Comment 3 vincenzo Innocente 2011-07-20 12:32:21 UTC
my actual code looks more like this
void loop() {
  for (int i=0; i!=N; ++i) {
    d[i]=a[i]+b[i];
    if (c[i]<0) d[i] = -d[i];
  }
}
where d[i] IS written unconditionally (and does not vectorize either)
Comment 4 Jakub Jelinek 2011-07-20 12:41:07 UTC
That is something different, yeah, in that case the transformation doesn't introduce new data races and is desirable as well, not just for vectorization.
Comment 5 Richard Biener 2011-07-20 14:53:41 UTC
I think you at least need -ftree-loop-if-convert-stores to vectorize conditional stores, but it doens't seem to work in this case.
Comment 6 vincenzo Innocente 2011-07-20 16:59:20 UTC
actually  -ftree-loop-if-convert-stores does the "trick" with -Ofast

things are not fully consistent though
of these four loop I get the following
notice how the combination -ftree-loop-if-convert-stores -03 vectorize the first BUT not the second!


const int N=1024;
float __attribute__ ((aligned(16))) a[N];
float __attribute__ ((aligned(16))) b[N];
float __attribute__ ((aligned(16))) c[N];
float __attribute__ ((aligned(16))) d[N];

void loop1() {
  for (int i=0; i!=N; ++i) {
    d[i]=a[i]+b[i];
    if (c[i]<0) d[i] = -d[i];
  }
}

void loop2() {
  for (int i=0; i!=N; ++i) {
    float tmp = a[i]+b[i];
    if (c[i]<0) tmp = -tmp;
    d[i]=tmp;
  }
}

void loop3() {
  for (int i=0; i!=N; ++i) {
    d[i] = (c[i]>0) ? a[i]+b[i] : -a[i]-b[i];
  }
}

void loop4() {
  for (int i=0; i!=N; ++i) {
    float tmp = a[i]+b[i];
    tmp = (c[i]>0) ? tmp : -tmp;
    d[i] = tmp;
  }
}




c++ -Wall -O3  -ftree-vectorizer-verbose=2  -c test/testBug.cpp -o bha.o

test/testBug.cpp:9: note: vectorized 0 loops in function.

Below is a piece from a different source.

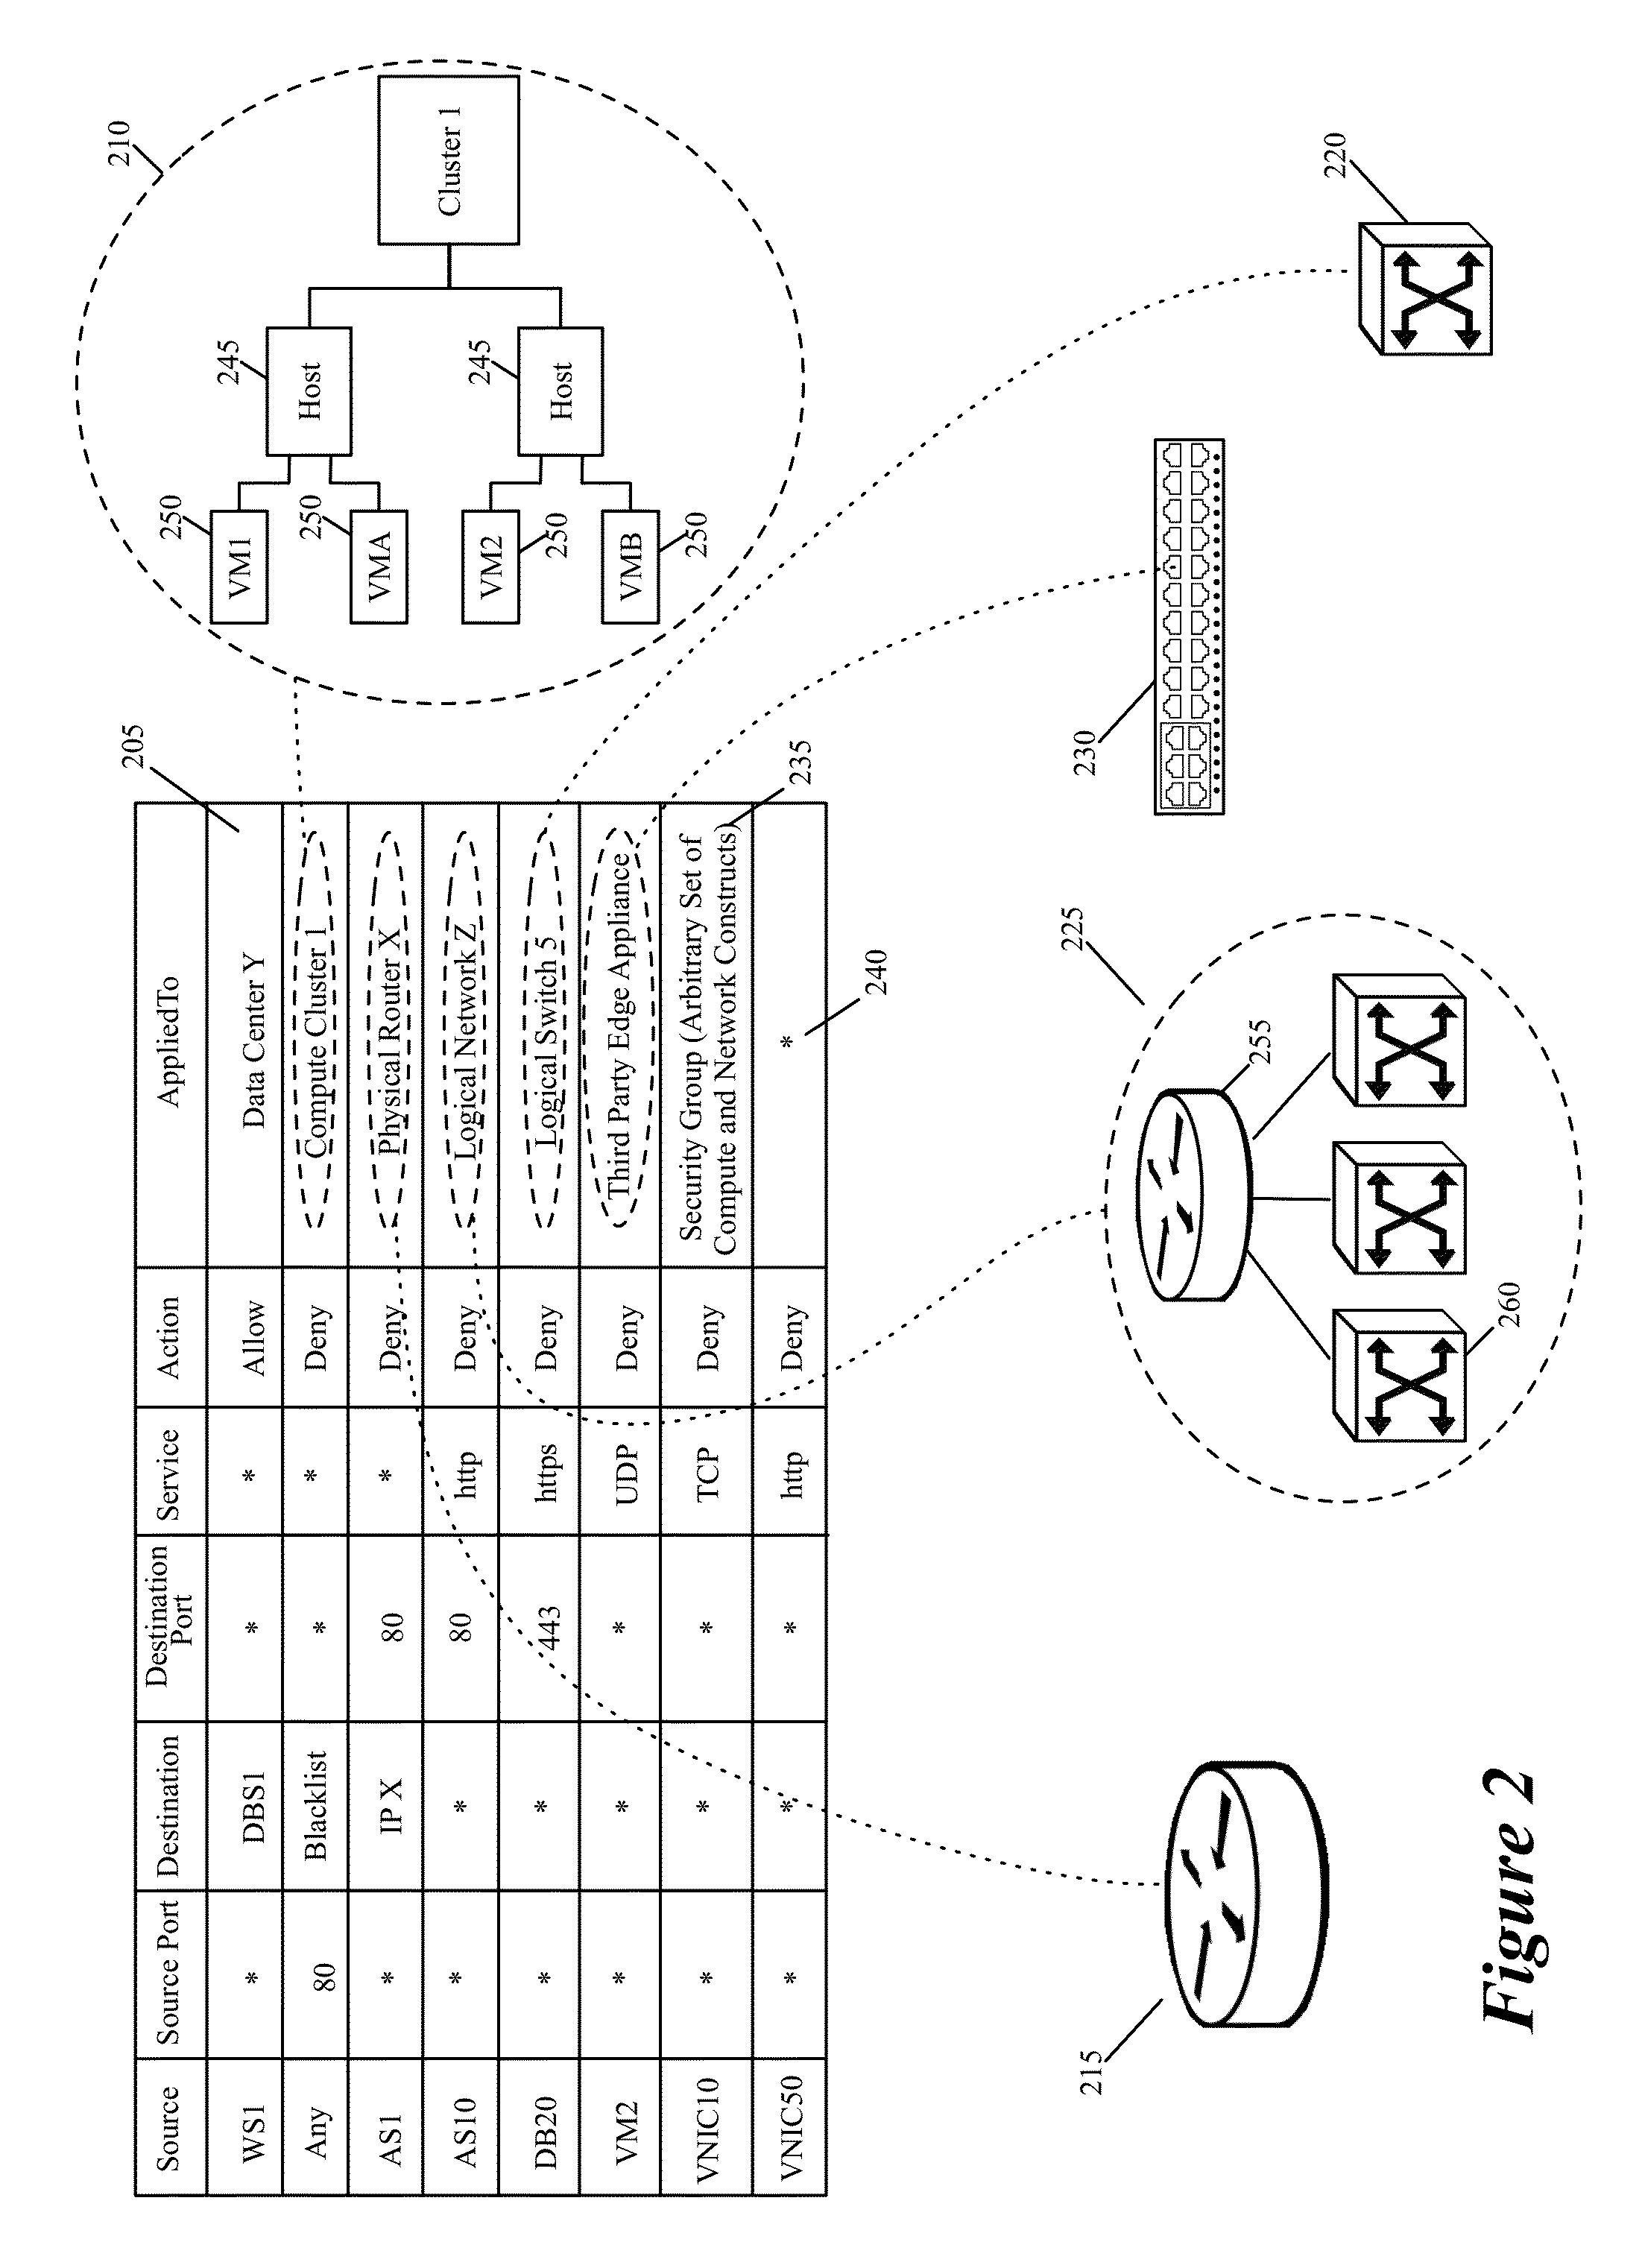 Method and apparatus for distributing firewall rules

test/testBug.cpp:17: note: LOOP VECTORIZED.
test/testBug.cpp:16: note: vectorized 1 loops in function.

test/testBug.cpp:24: note: vectorized 0 loops in function.

test/testBug.cpp:31: note: not vectorized: unsupported data-type bool
test/testBug.cpp:30: note: vectorized 0 loops in function.
pb-d-128-141-131-10:Octave innocent$ c++ -Wall -O3  -ftree-vectorizer-verbose=2  -c test/testBug.cpp -o bha.o -ftree-loop-if-convert-stores

test/testBug.cpp:10: note: LOOP VECTORIZED.
test/testBug.cpp:9: note: vectorized 1 loops in function.

test/testBug.cpp:16: note: vectorized 0 loops in function.

test/testBug.cpp:24: note: vectorized 0 loops in function.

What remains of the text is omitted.